Barcellini Wilma, Capalbo Silvana, Agostinelli Rosa Maria, Mauro Francesca Romana, Ambrosetti Achille, Calori Rossella, Cortelezzi Agostino, Laurenti Luca, Pogliani Enrico Maria, Pedotti Paola, Liso Vincenzo, Girelli Gabriella, Mandelli Franco, Zanella Alberto
Department of Haematology, Padiglione Granelli, Fondazione IRCCS Ospedale Maggiore Policlinico, Mangiagalli e Regina Elena, Via F. Sforza 35 20122 Milan, Italy.

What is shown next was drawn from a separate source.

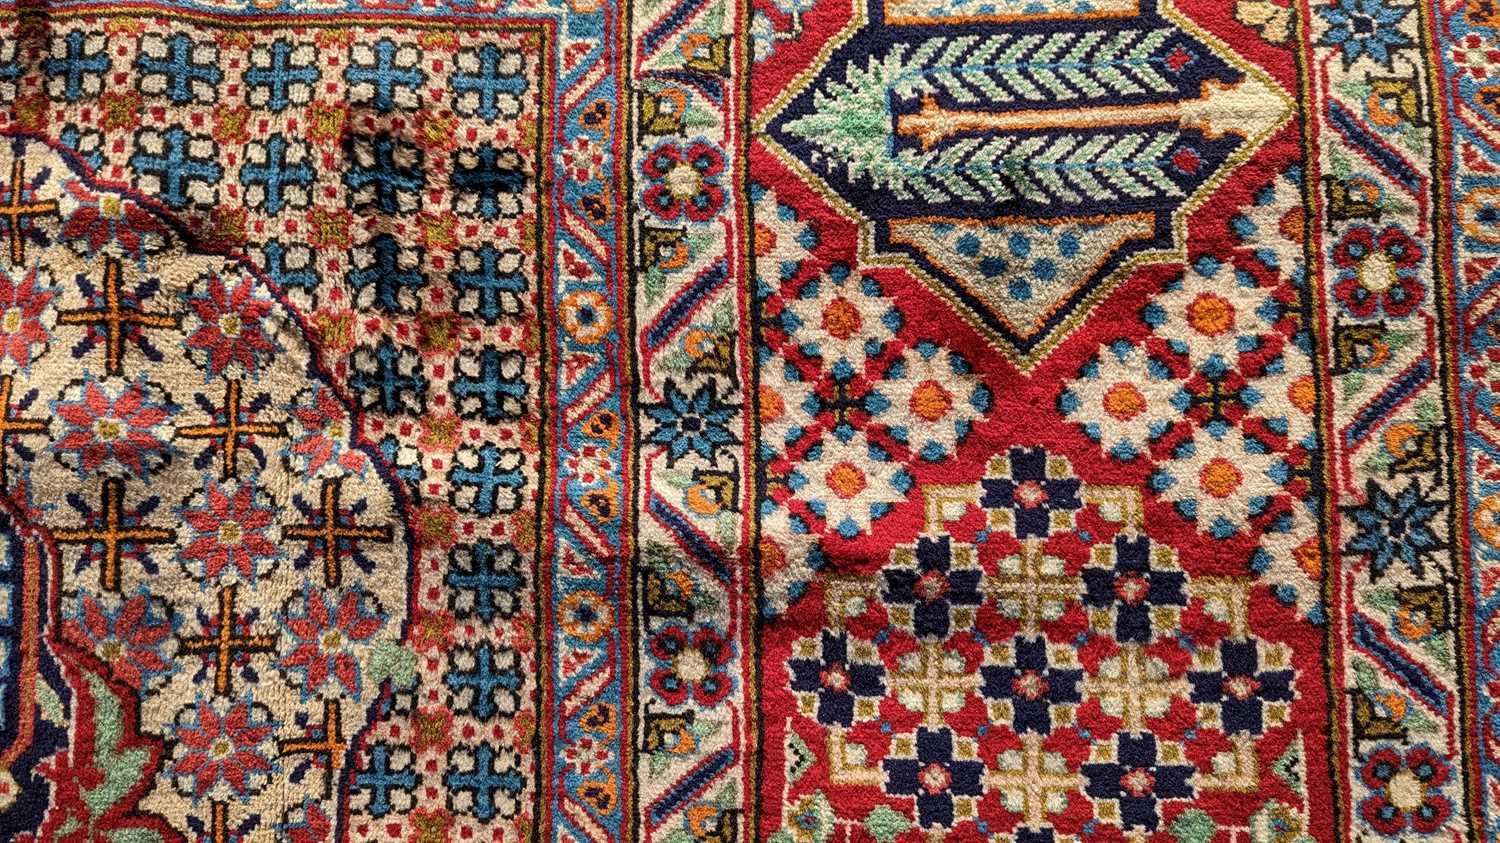 A Tabriz carpet - Image 16 of 24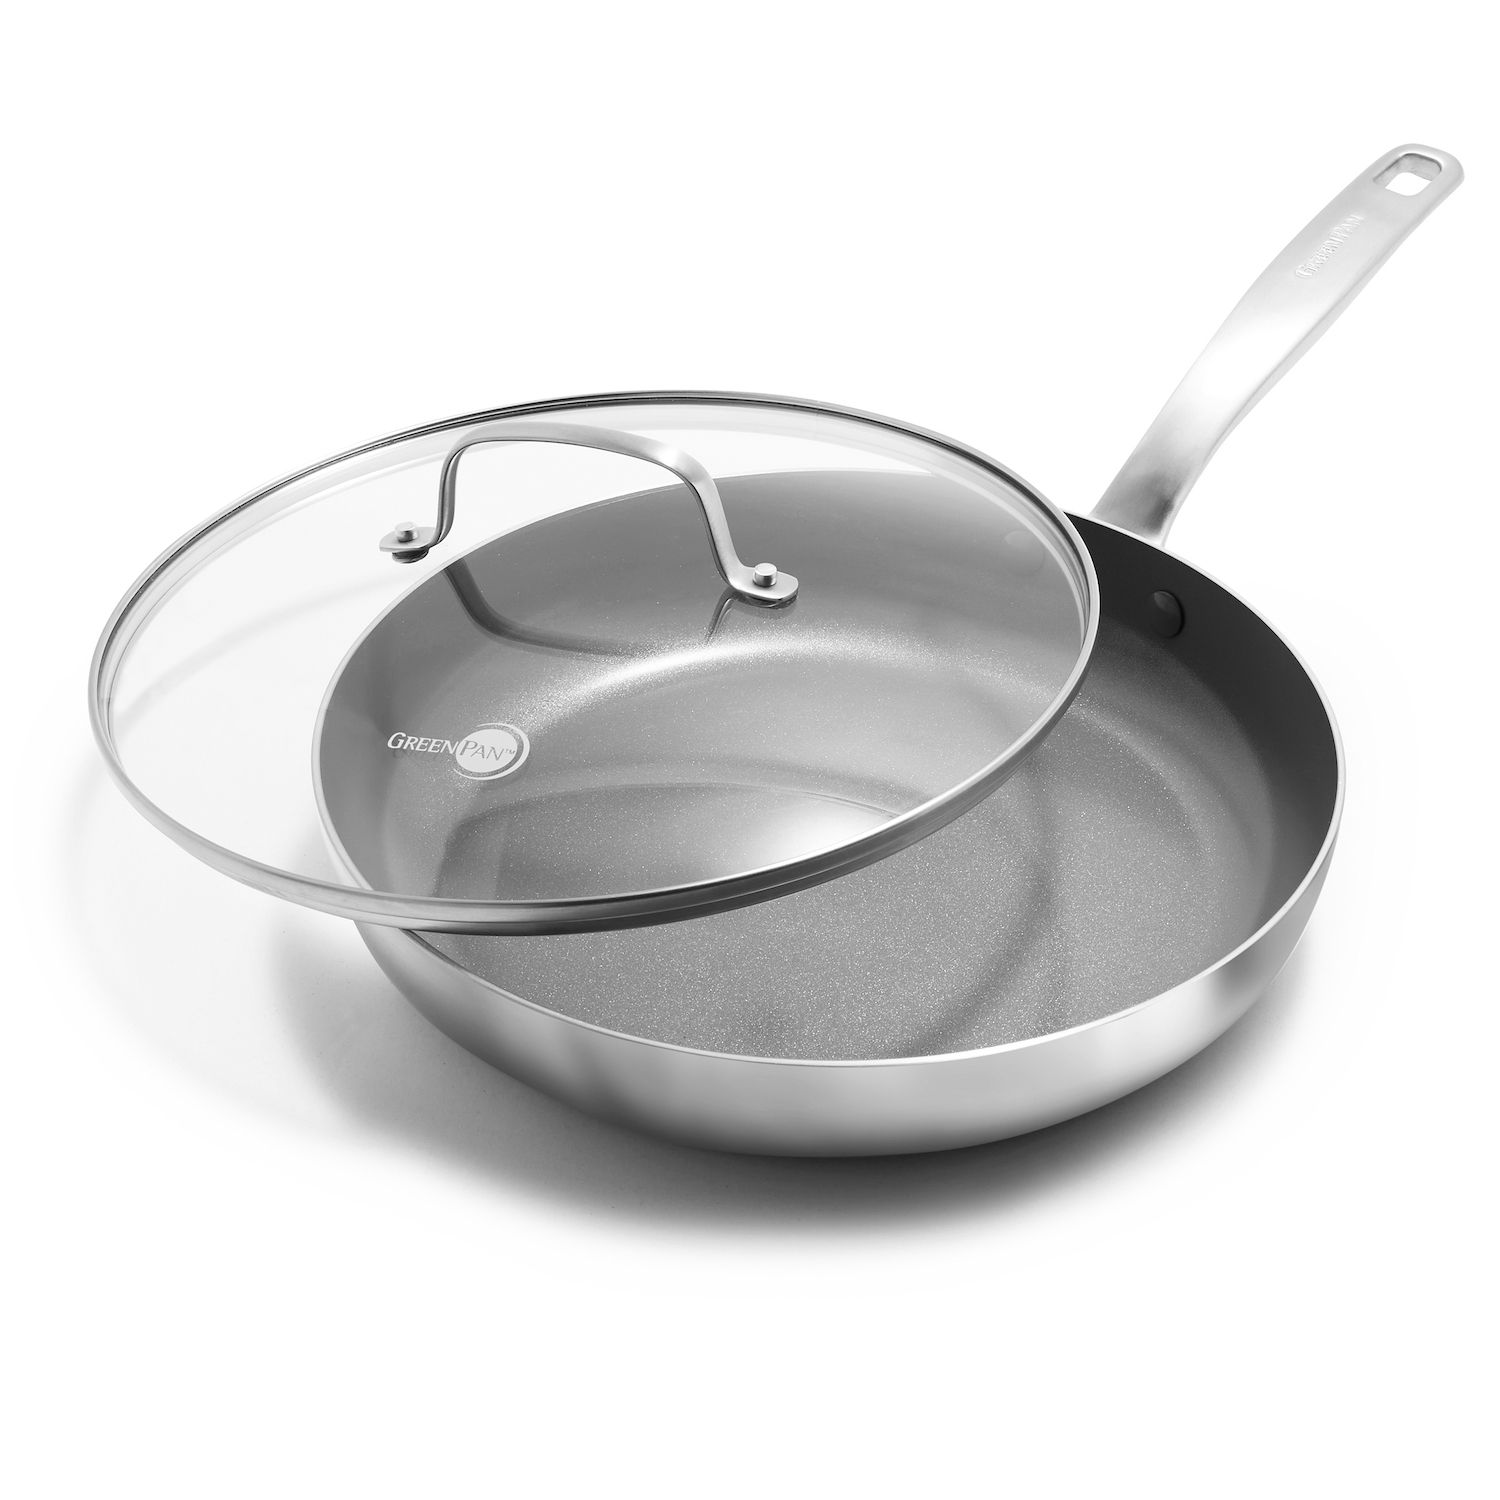 GoodCook Healthy Ceramic Titanium-infused Fry pan, 12 Inch, Light

Haematologica. 2006 Dec;91(12):1689-92.
The aim of this multicenter GIMEMA study was to correlate autoimmune complications (AIC) in B-cell chronic lymphocytic leukemia (B-CLL) with stage and therapy. Autoimmune hemolytic anemia (129/194 cases) and autoimmune thrombocytopenia (35/194 cases) were typically present in advanced and multi-treated disease. Age over the median, stage C and first and second line therapy were identified as independent risk factors by multivariate analysis. In contrast, non-hematologic AIC (30/194 cases) and the presence of serological markers of autoimmunity were mostly observed in early B-CLL, suggesting different pathogenic mechanisms underlying hematologic and non-hematologic autoimmune phenomena in B-CLL.
这项多中心GIMEMA研究的目的是将B细胞慢性淋巴细胞白血病(B-CLL)中的自身免疫并发症(AIC)与疾病分期和治疗相关联。自身免疫性溶血性贫血(129/194例)和自身免疫性血小板减少症(35/194例)通常出现在晚期和接受过多种治疗的疾病中。多变量分析确定年龄超过中位数、C期以及一线和二线治疗为独立危险因素。相比之下,非血液学AIC(30/194例)和自身免疫血清学标志物的存在大多在早期B-CLL中观察到,这表明B-CLL中血液学和非血液学自身免疫现象存在不同的致病机制。